This will limit the tail of the power-law function and thus mainly affect what happens for large time, i.e., it changes properties for low frequencies as will be evident. Other smoothly falling tempering functions could also be considered, for instance the 3-parameter Mittag-Leffler function as in [24], and which includes the exponential as a special case.

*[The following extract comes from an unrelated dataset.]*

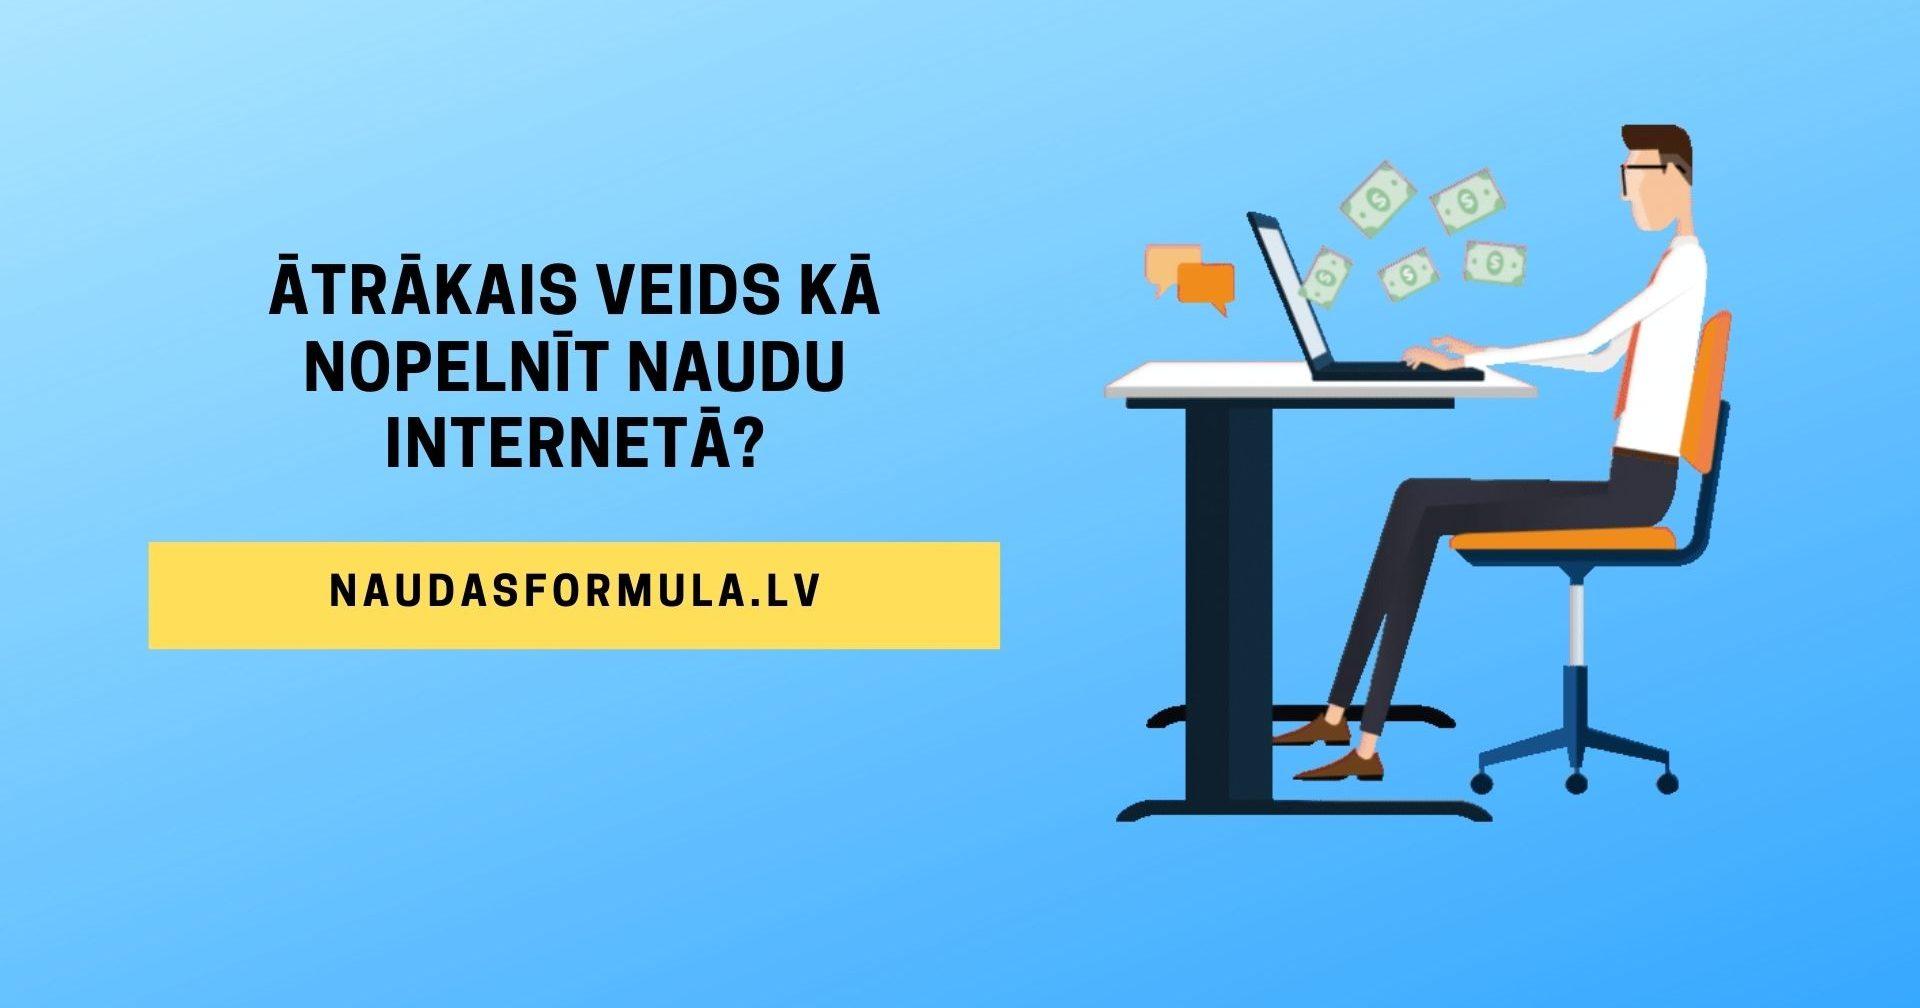 kur jūs varat ātri nopelnīt naudu internetā

Due to the shift property of the Fourier transform, an exponential is more tractable and is therefore used here, see Eqs. 22, 23.

Taking the Fourier transform gives the corresponding complex modulus:

$G\left(\omega \right)=\frac{E_e}{\mathrm{i}\omega }+\frac{\eta {\tau }^{1-\alpha }}{{\left(1+\mathrm{i}\omega \tau \right)}^{1-\alpha }},(18)$

where the second term happens to be equivalent to the complex modulus of a Cole-Davidson dielectric model of order (1 − α) [25] as pointed out in [[3], Section 8.2]. Equation 18 will be the basis for the derivation of dispersion relations and wave equations.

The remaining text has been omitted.